» SOURCE MATERIAL

..........

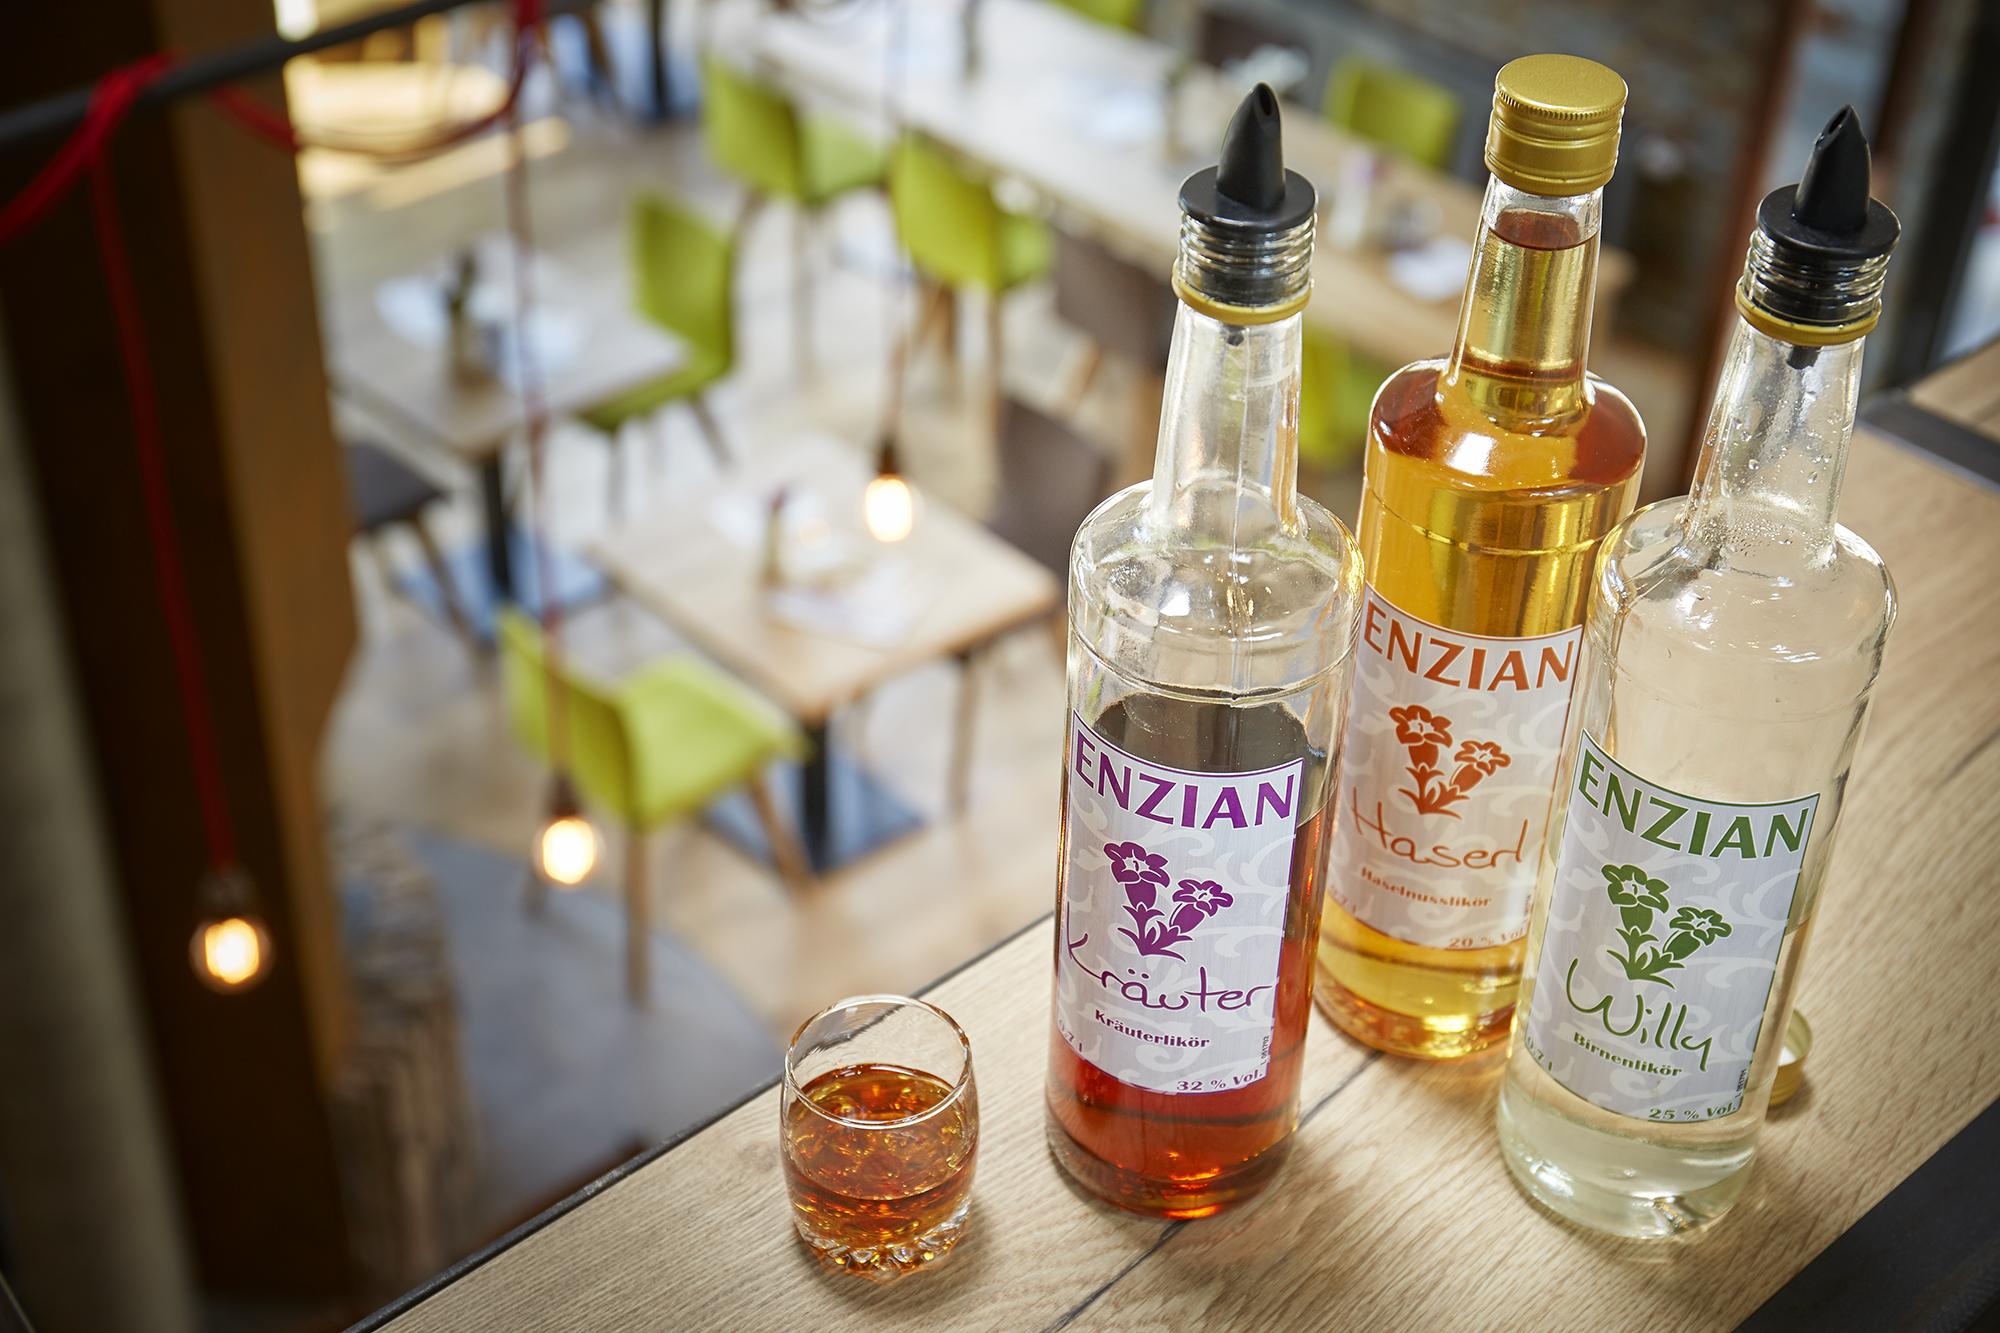 Enzian_X_Drinks_03 Enzian Schnaps
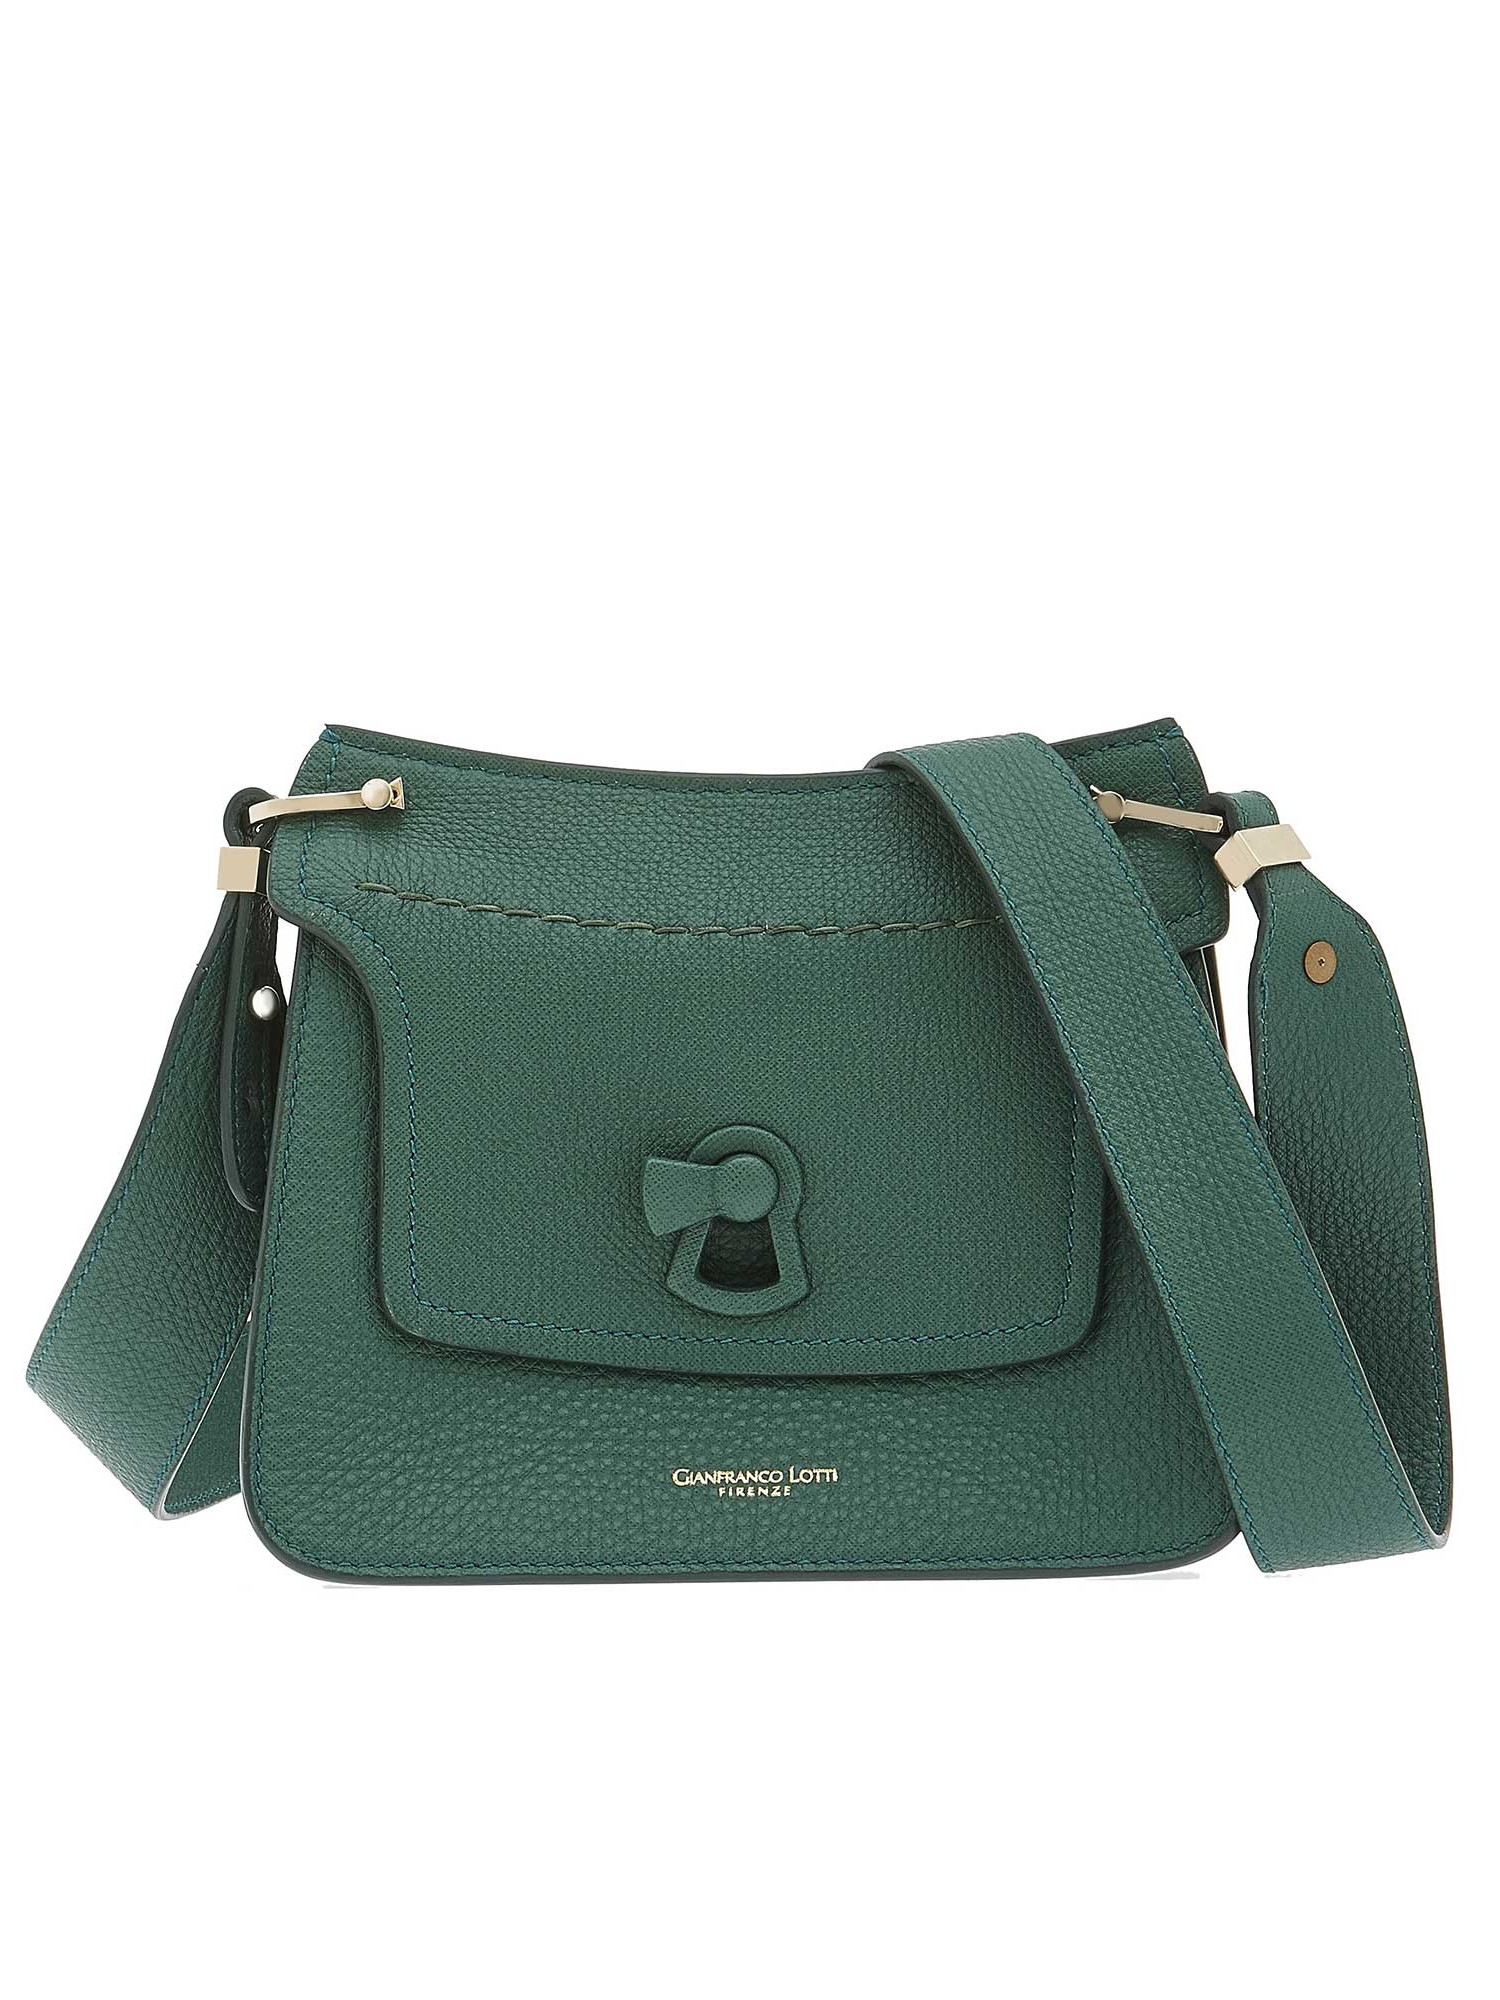 8c5f5414 Gianfranco Lotti - Luxury bags in Florence since 1968
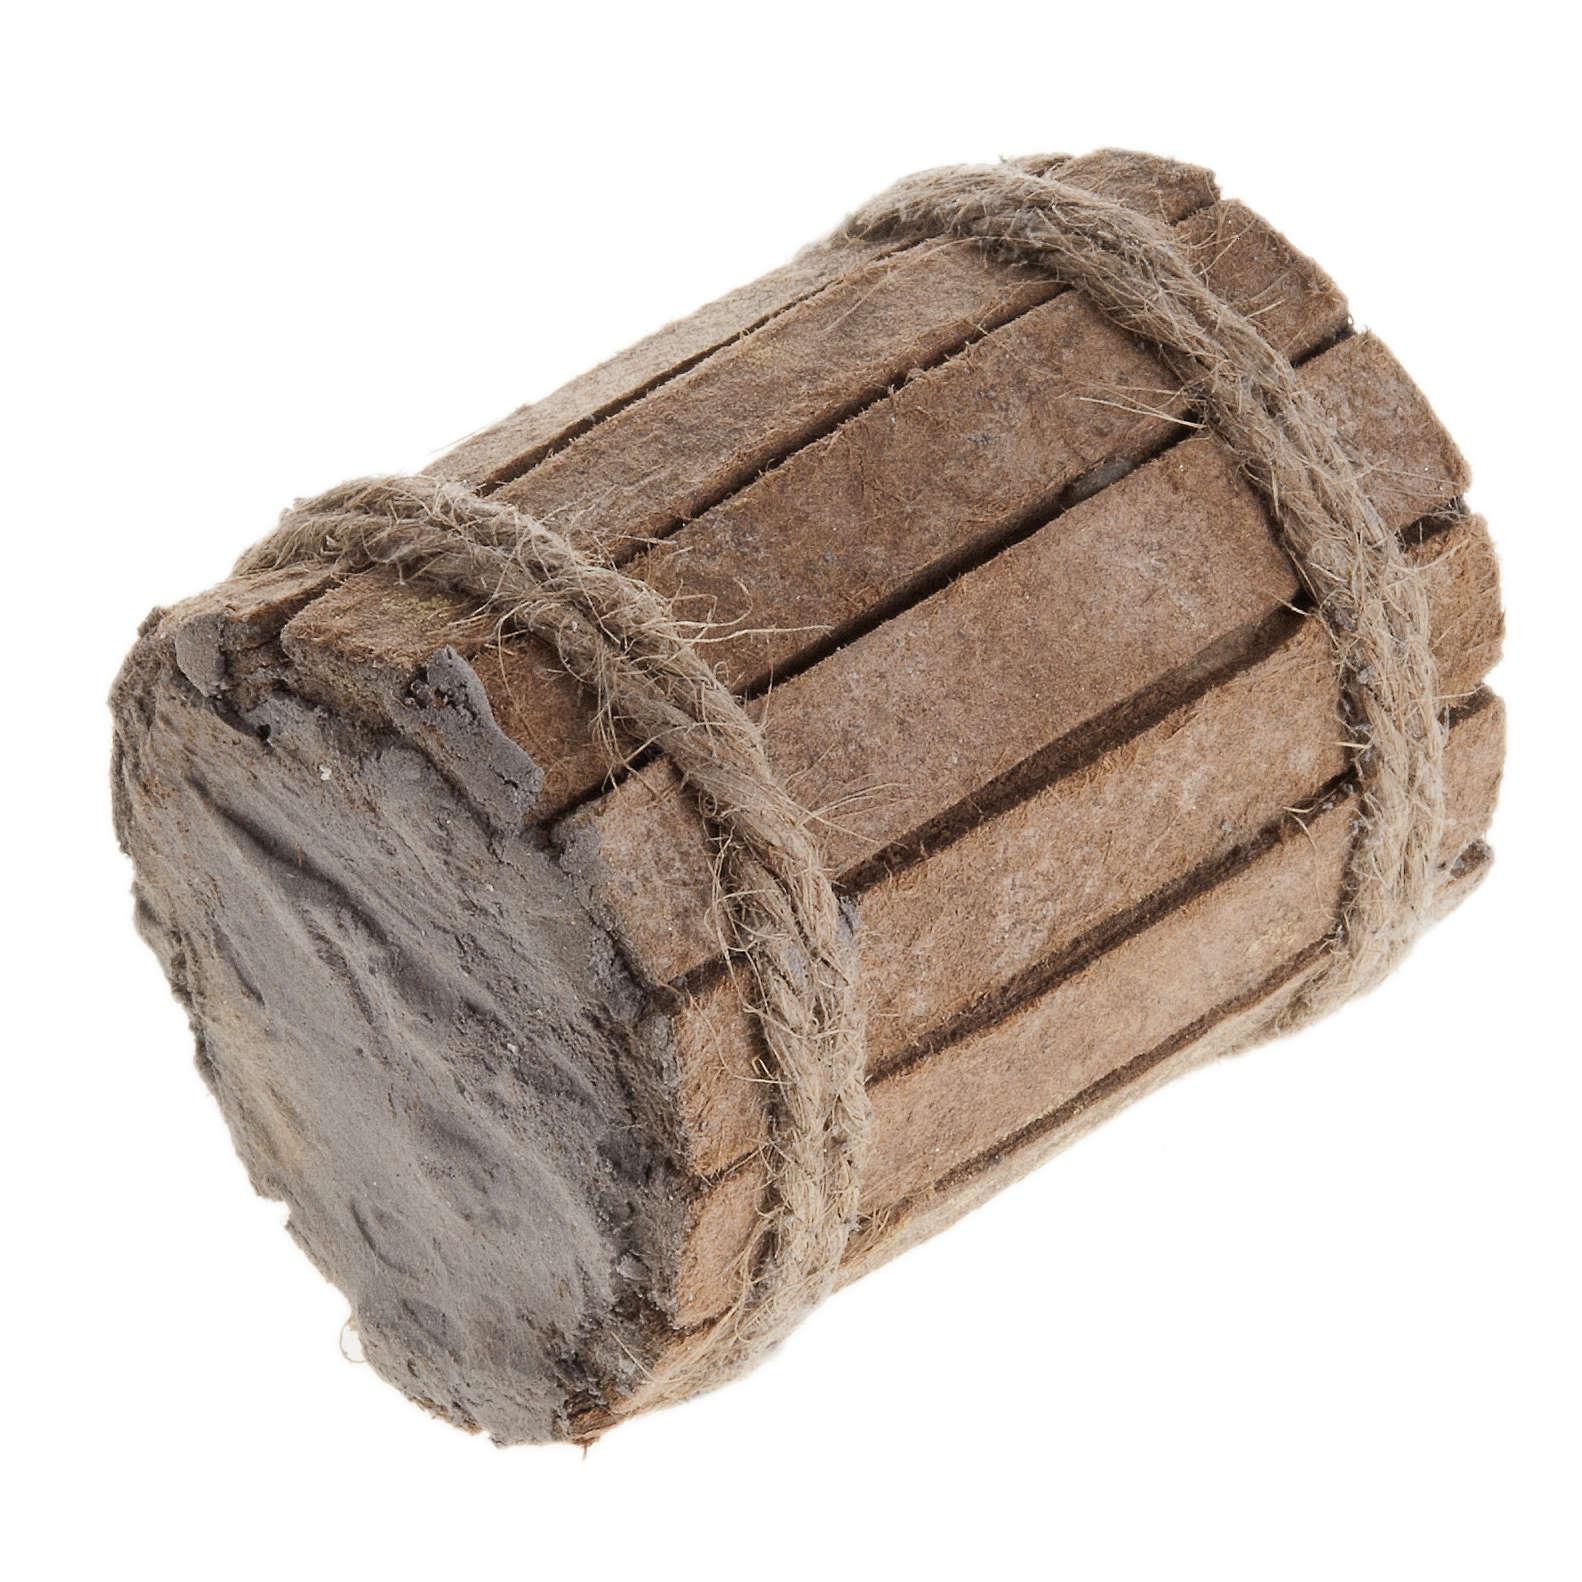 Botte legno presepe 4

..........

» REQUIREMENT
Set the material above down again word for word. Include none of its pictures.

» SOLUTION TO THE PROBLEM
 Enzian_X_Drinks_03 Enzian Schnaps
 8c5f5414 Gianfranco Lotti - Luxury bags in Florence since 1968
 Botte legno presepe 4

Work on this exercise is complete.